Task - Return the listing below exactly as it stands. Pictures stay out.

The data -
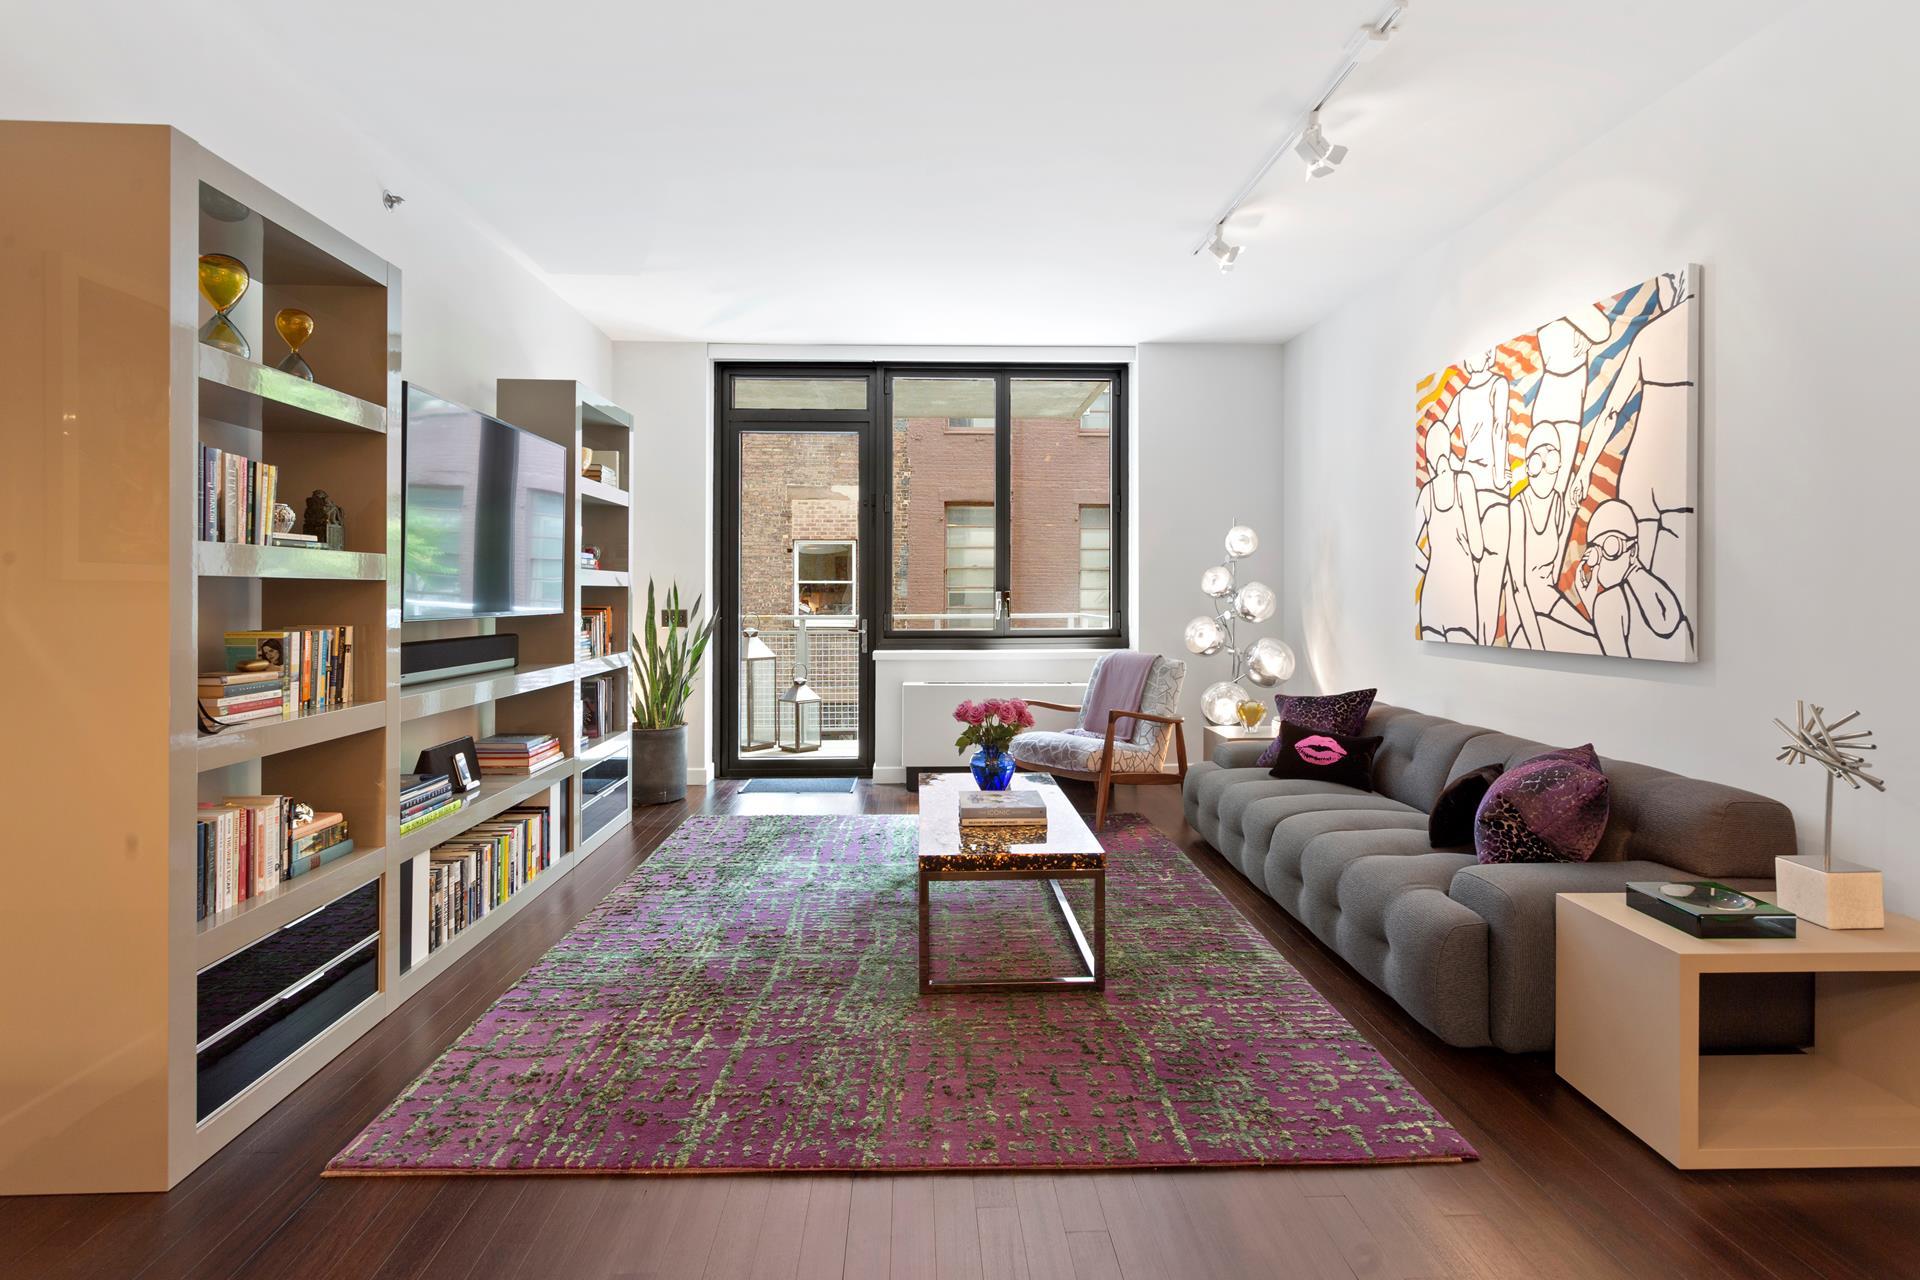 50 West 15th St, 4D - Flatiron District, New York
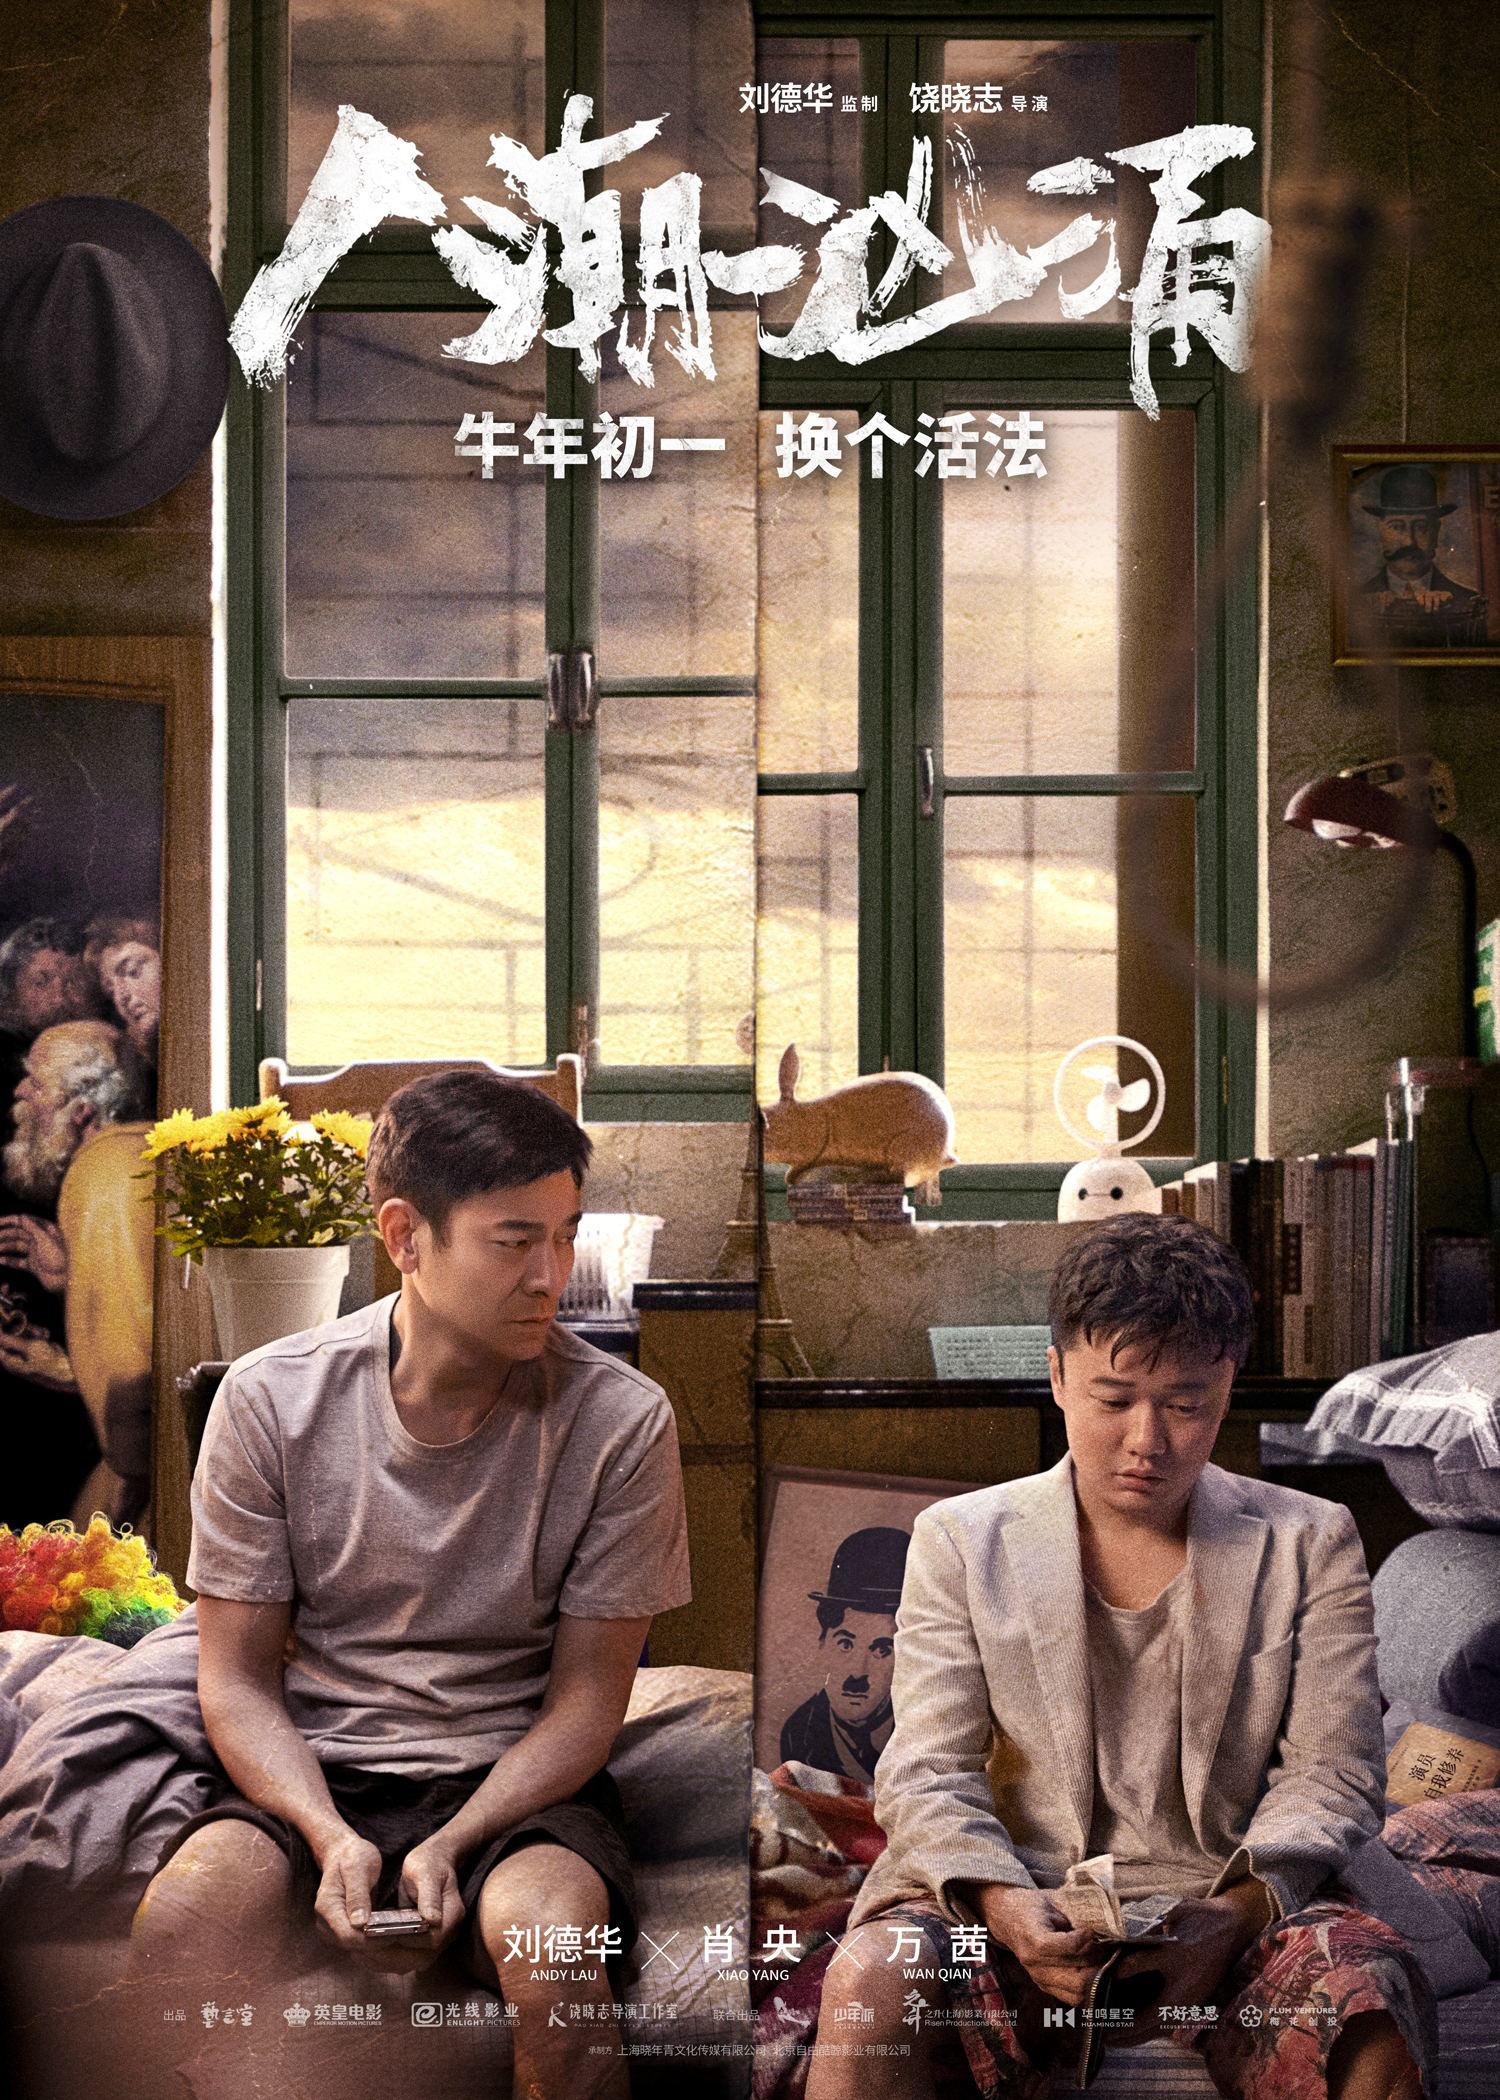 电银付加盟(dianyinzhifu.com):刘若英刘德华16年后再对唱 《人潮汹涌》曝片尾曲 第6张
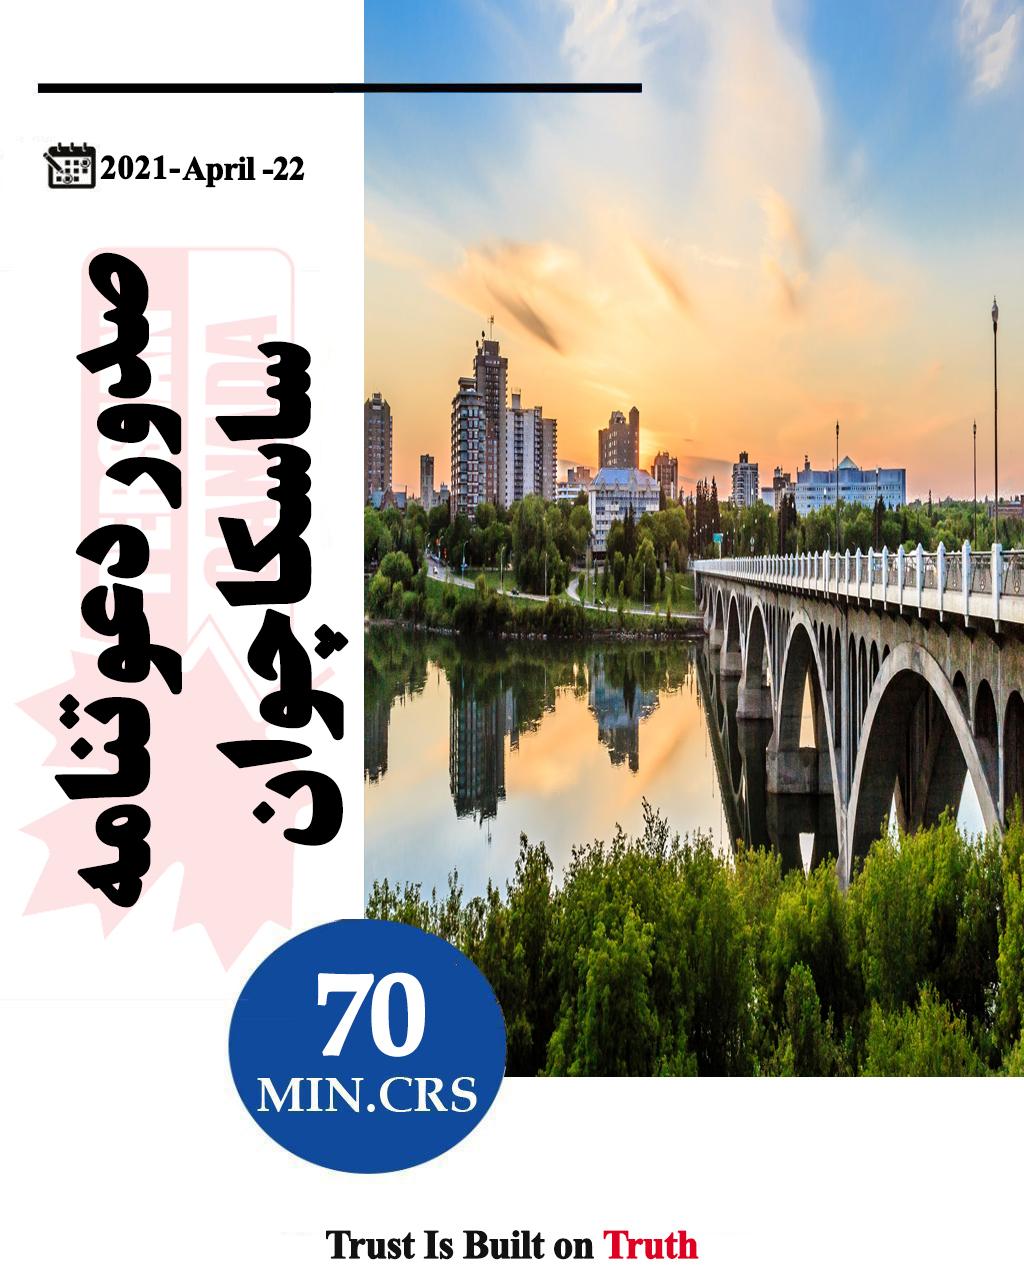 صدور دعوتنامه استان ساسکاچوان

Output of the exercise -
 50 West 15th St, 4D - Flatiron District, New York
 电银付加盟(dianyinzhifu.com):刘若英刘德华16年后再对唱 《人潮汹涌》曝片尾曲 第6张
 صدور دعوتنامه استان ساسکاچوان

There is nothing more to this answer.